Though the company would not confirm the redundancies, officials in Tokyo said job cuts at the plant in Livingston, West Lothian, were under consideration as it restructures amid the prolonged slump in the global chip market. The plant makes Dram chips used in mobile phones and laptop PCs, products for which demand has collapsed since late last year.

Daniel Mathieson, an NEC official, said: "Two months ago we cut staff in the US, and now we're examining how to restructure the UK, as well as China and other areas. Asked if this could include lay-offs in Livingston, he added: "We can't rule it out."

In April, Motorola, the US chip and telecoms equipment maker, announced that it would close its Scottish mobile phone manufacturing plant in nearby Bathgate, with the elimination of 3,200 jobs. NEC has invested more than £1bn in Livingston since 1981, including £80m in 2000 to develop low-powered chips for mobile handsets.

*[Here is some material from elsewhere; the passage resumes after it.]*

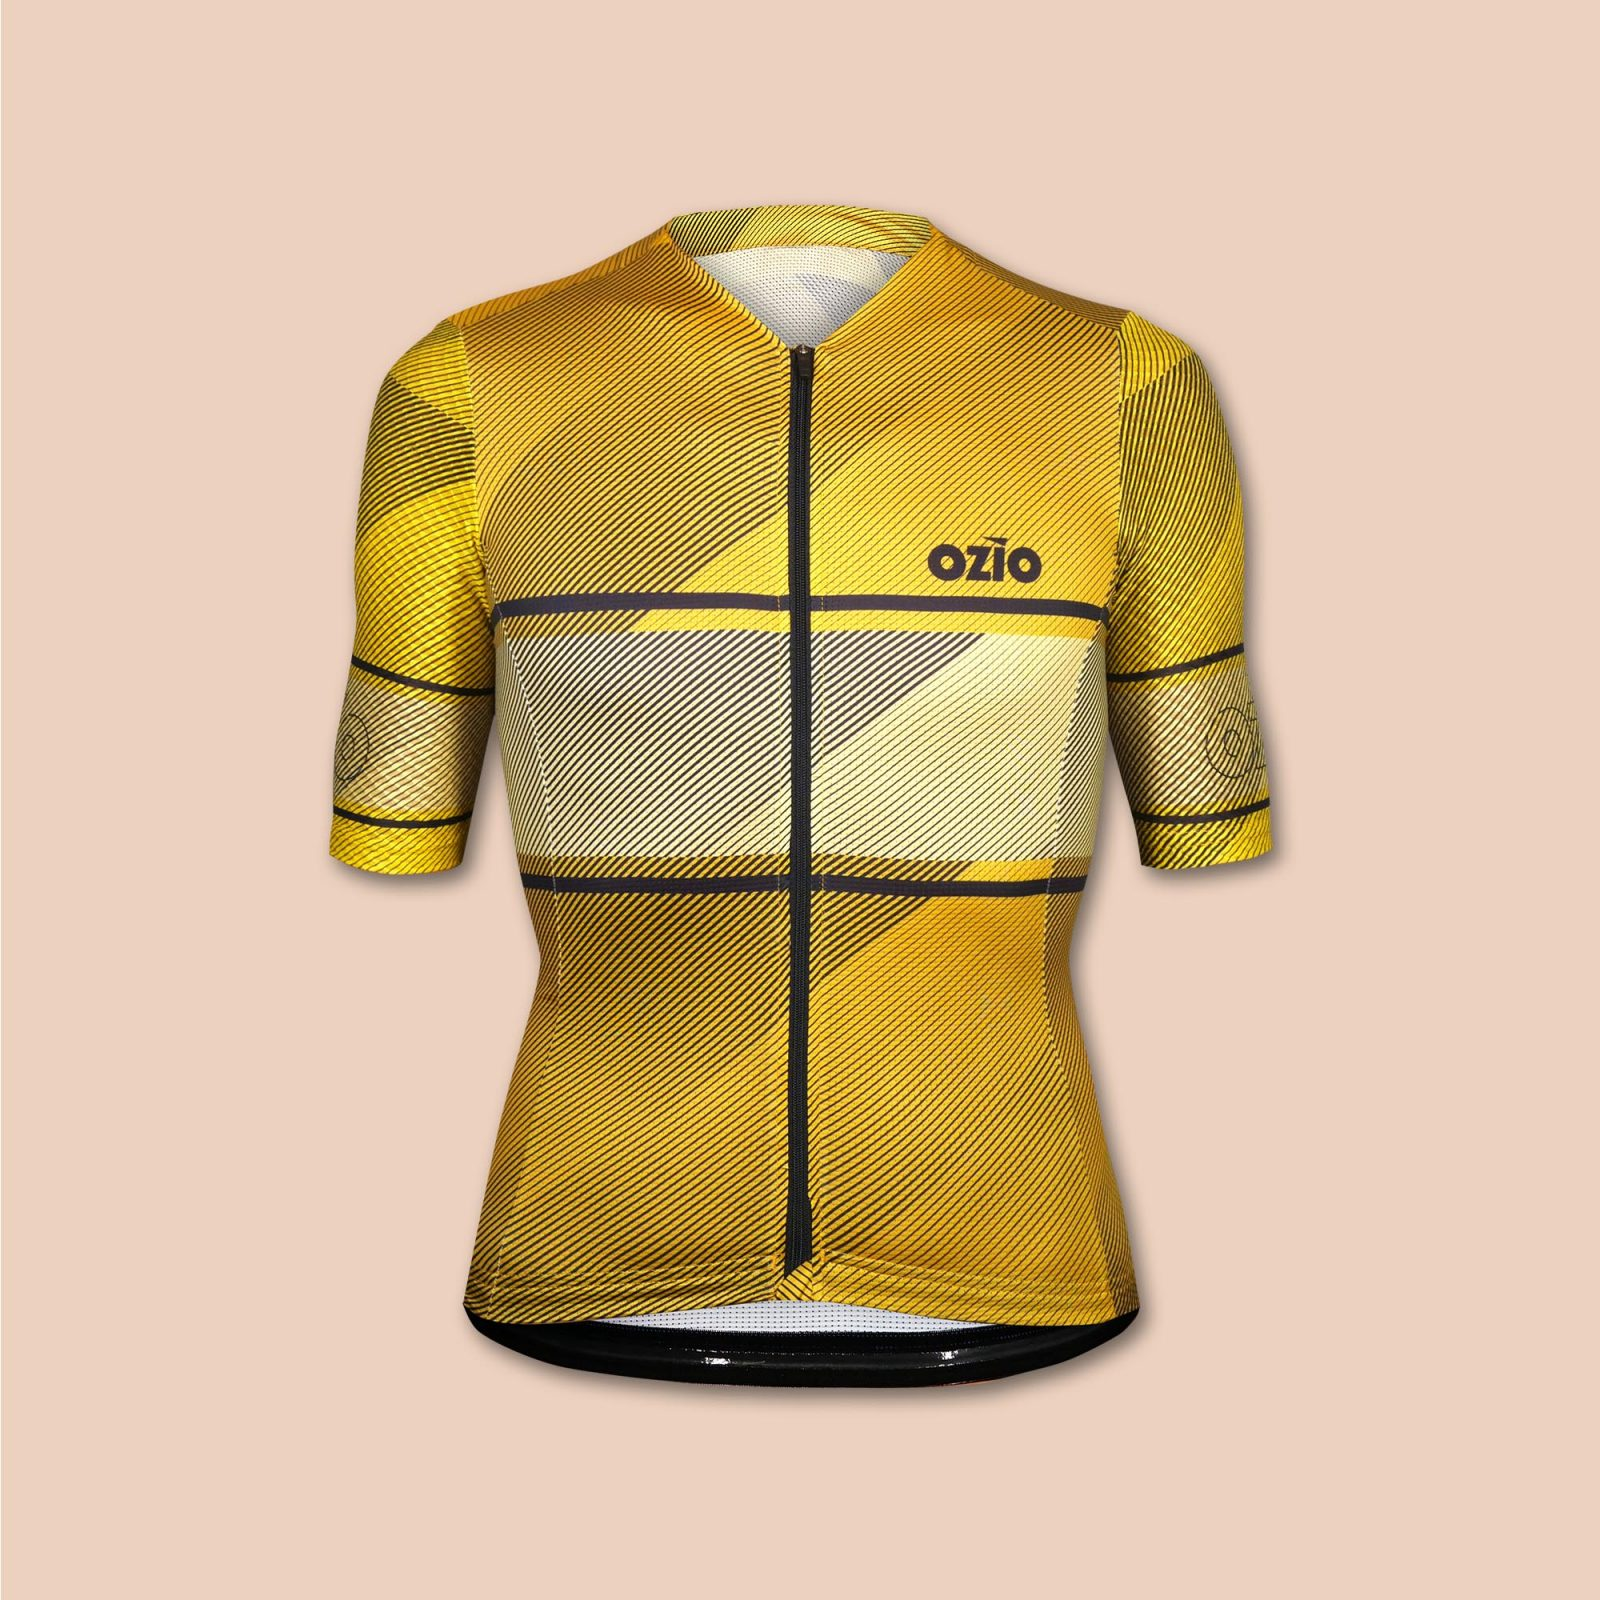 maillot cycliste jaune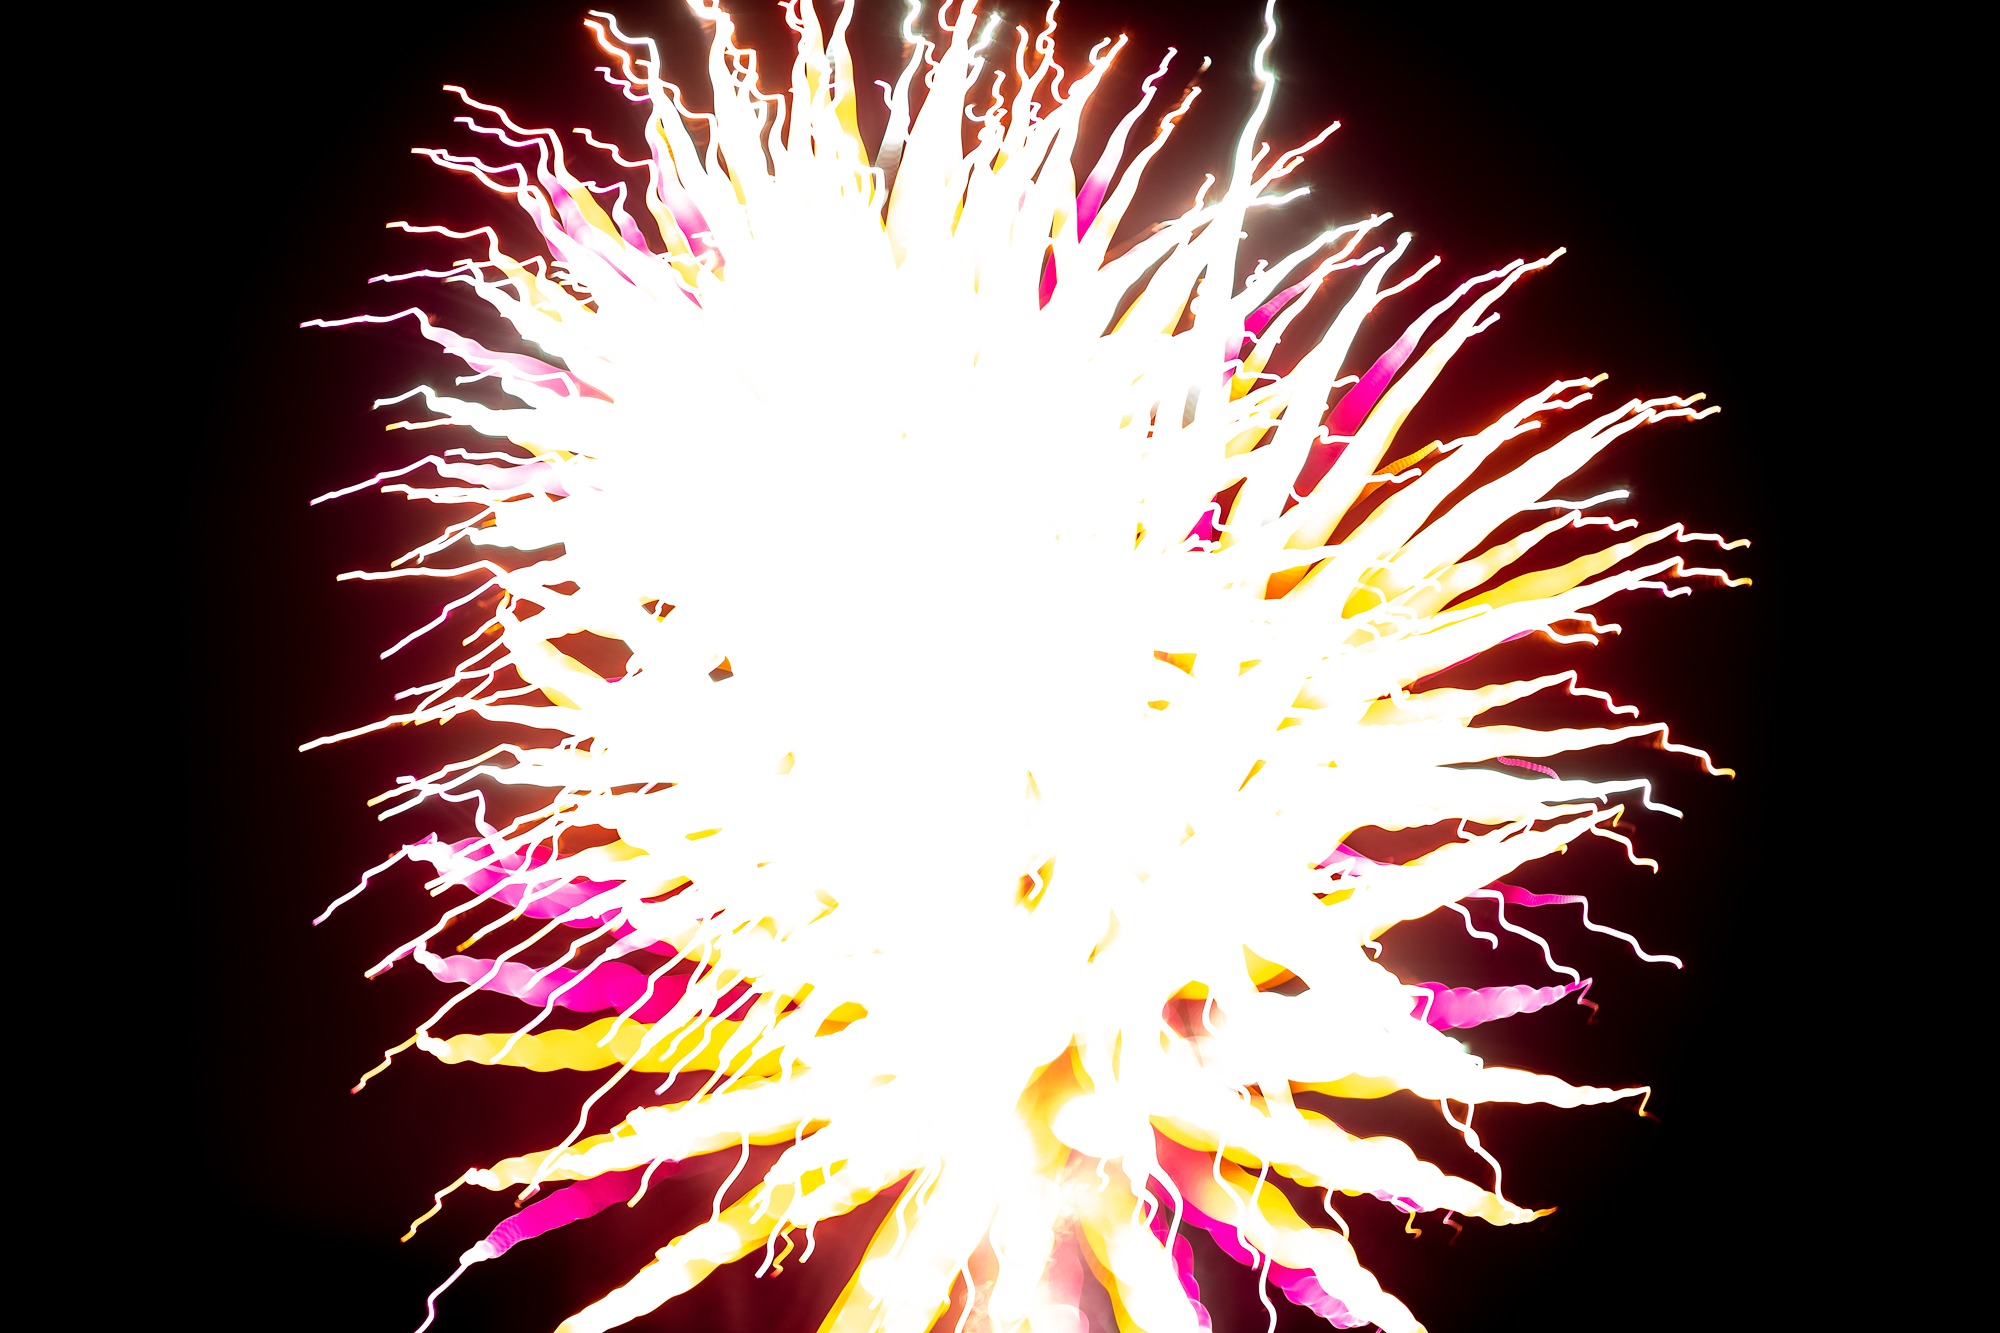 2018.07.03-scrantonFireworks-M1005416-WEB.jpg

Details of NEC's restructuring for individual factories are due later this month. In April, NEC said it would halt the Scottish plant's production of Dram chips by March 2003 and shift output to more profitable products but it added that no redundancies were planned.

Reports in the Japanese press yesterday said NEC had decided to phase out Dram production a year earlier than planned and would negotiate lay-offs with unions. The reports said NEC had not decided how many to lay off.